Significant reductions were also observed for unscheduled and out-of-hours primary care attendance, emergency department visits and hospital admissions, ranging from 55.3% to 78.6% (all p=<0.005), according to the paper.
“Data at 12-month follow-up was available in 200 participants, and a significant reduction in all unscheduled care use was maintained for all participants, though the magnitude of reductions per participant was even larger in asthma and COPD, and were maintained in the high service users,” the authors noted.
Overall, the service made/identified 44 additional diagnoses and comorbidities, the majority of which (73%) were not related to a respiratory condition, while sinonasal disease, gastro-oesophageal reflux disease and bronchiectasis were picked up in 29% overall.
Crucially, the fall in exacerbations and healthcare utilisation countered the increased medication costs and expenses associated with establishing MABC clinics, the investigators stressed.
No cost burden
The mean cost of delivering the MABC clinics was calculated at £139.10 (A$265) per participant, but data showed the service to be “virtually cost neutral” during the first six months and cost saving (28%) at 12 months in all participants with follow-up data.

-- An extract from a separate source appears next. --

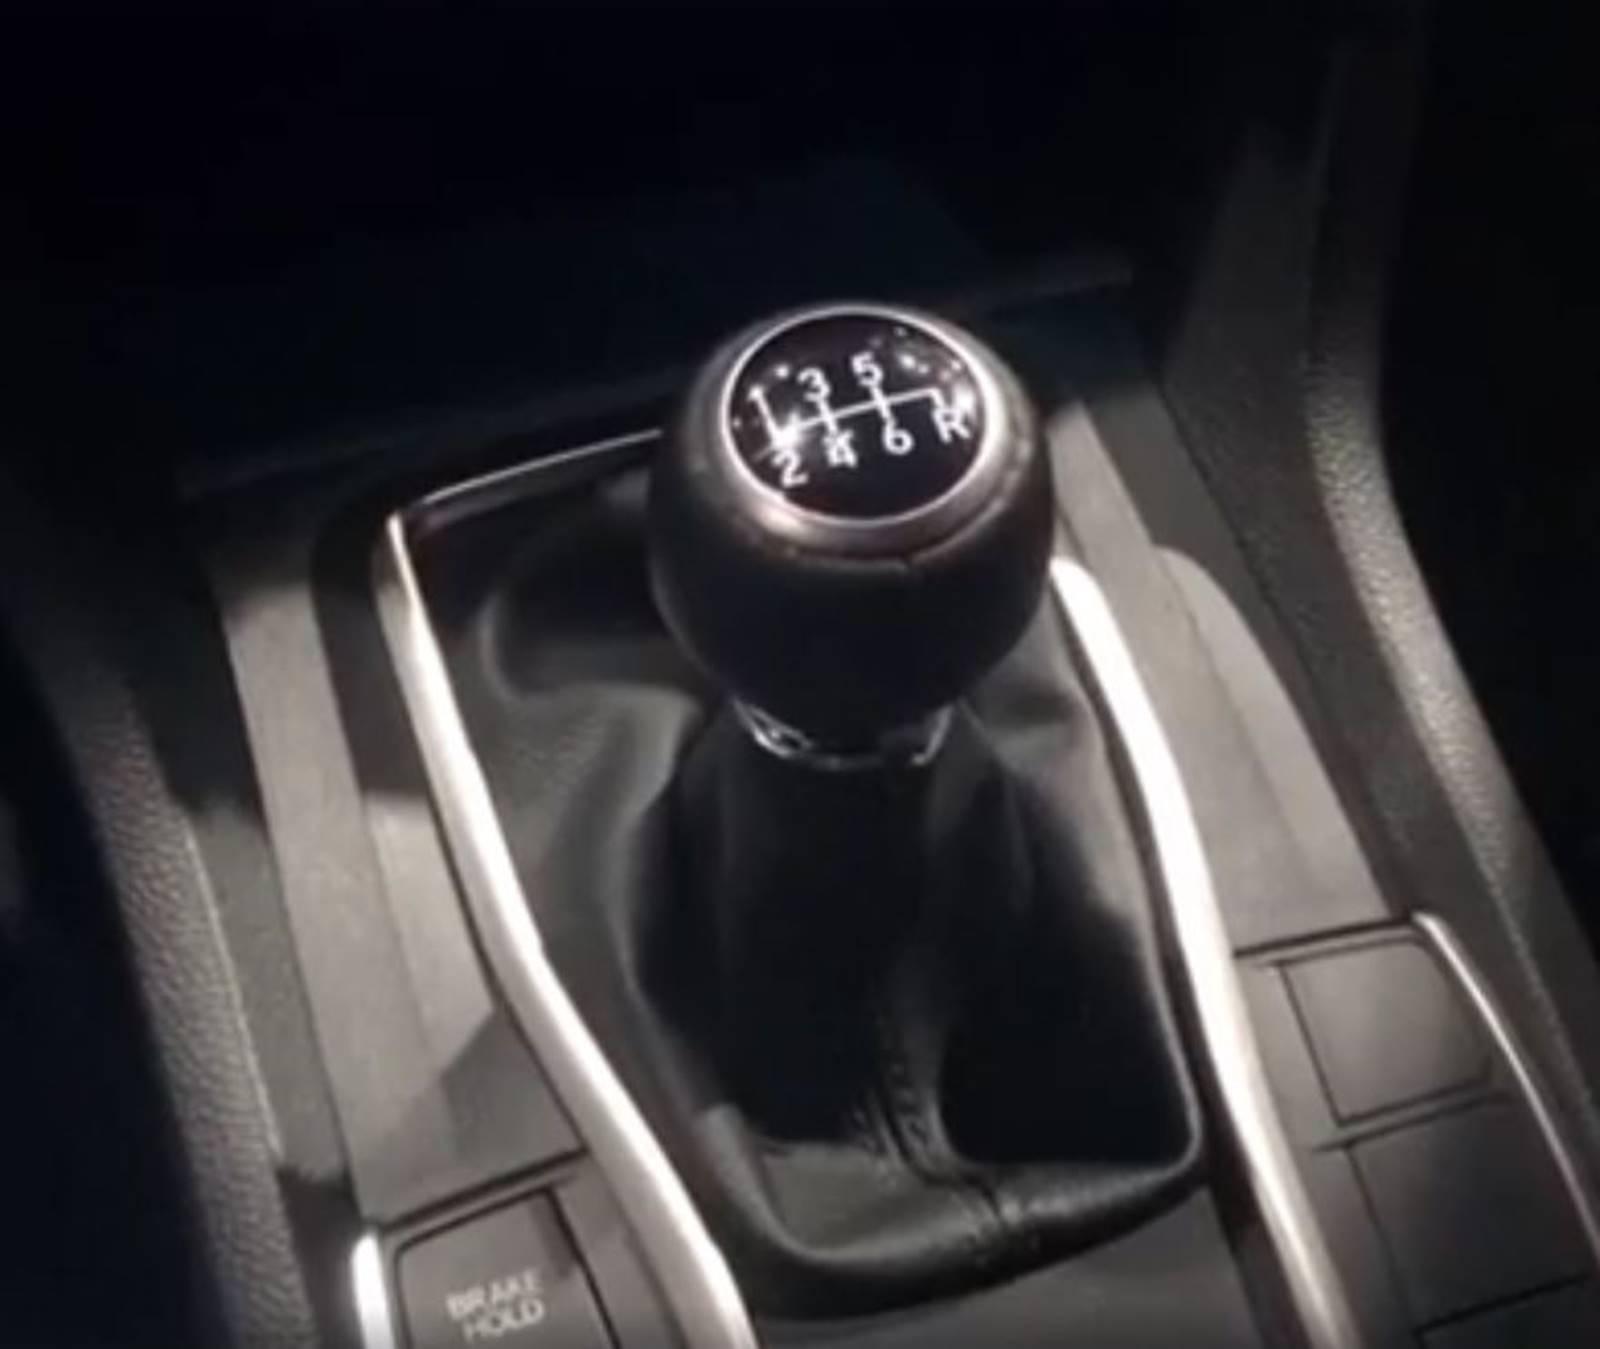 Honda Civic 2017 Tabela De Preos Comea Em R 879 Mil

Notably, almost all (96%) of participants said they would recommend the service, indicating high satisfaction.
According to the investigators, while there were study limitations, such as potential selection bias, the study showed in a real-world setting that this vertically integrated model of care “improved outcomes in a range of poorly controlled respiratory patients”.
“The study involved many GP practices, and its low resource investment and implementation indicate the model could be extended to other local systems and other types of long-term conditions,” they noted.

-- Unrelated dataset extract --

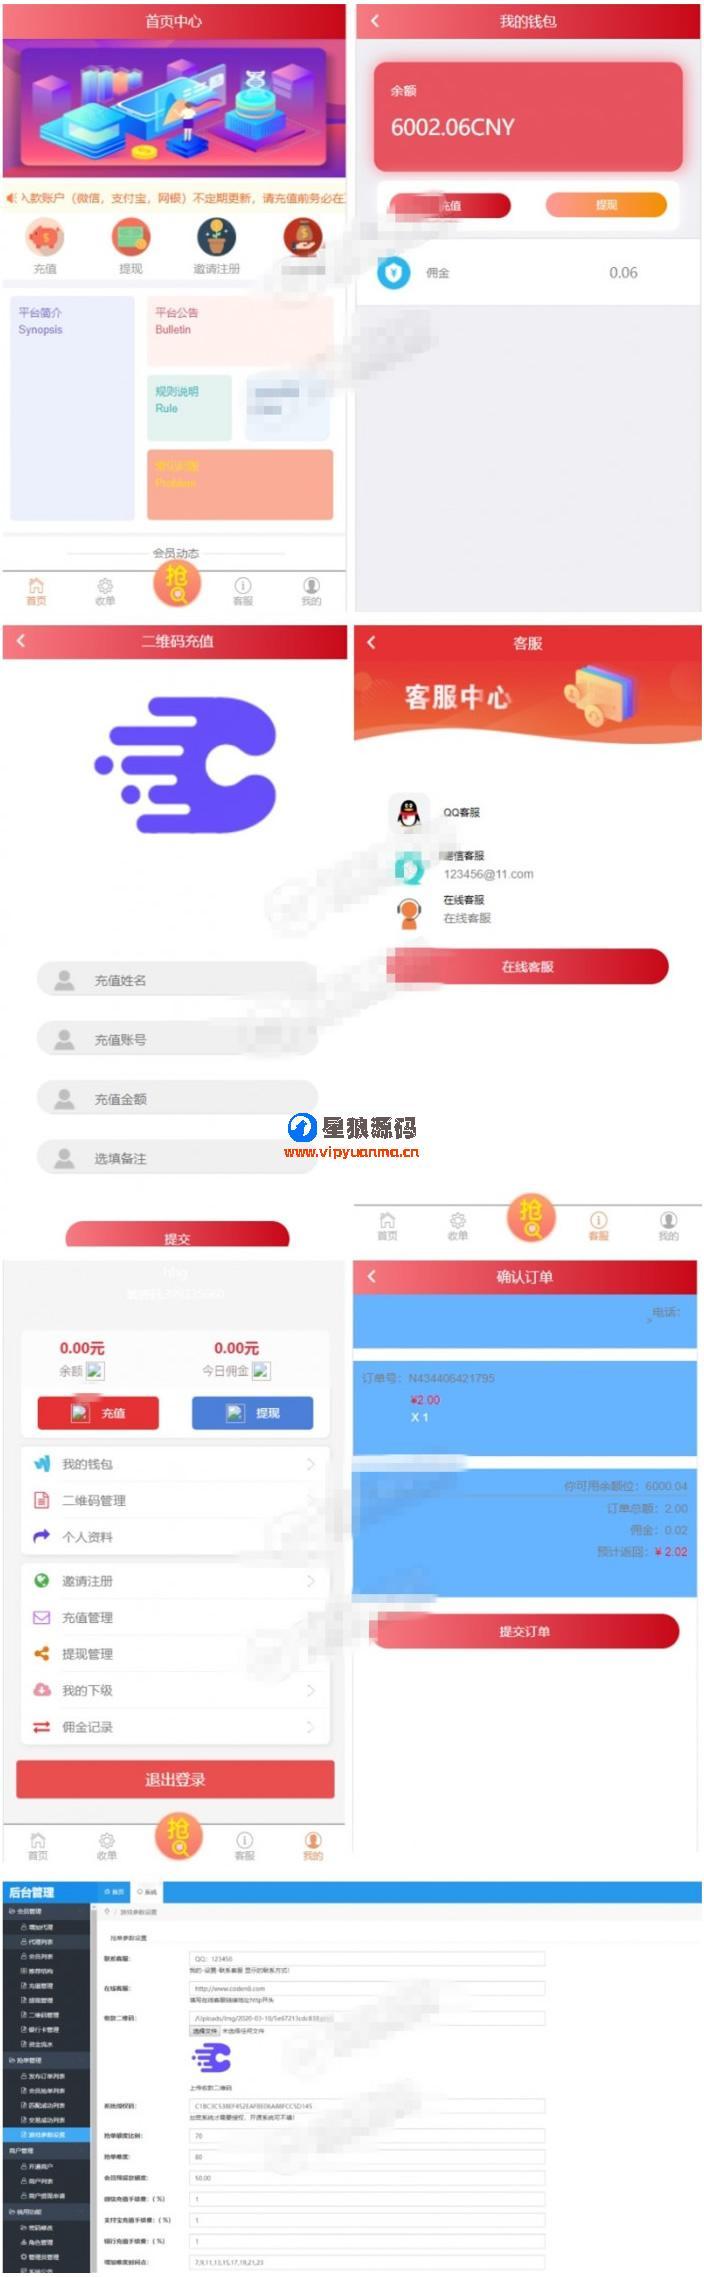 微信支付宝跑分平台最新版本源码 抢单系统源码 可封装打包成app 第1张

According to Professor Chauhan, the study’s findings suggest that rolling out similar multidisciplinary clinics on a national scale could positively impact patient outcomes and healthcare service use.
“However, a nationwide implementation would require careful assessment of local healthcare contexts, sufficient specialist training, and financial backing. Such an expansion must maintain the high care standards and efficacy shown in the study.
“Therefore, while a countrywide introduction of MABC clinics is a favourable step, it should be executed with robust planning and infrastructure to replicate the successful results observed in the research,” he said.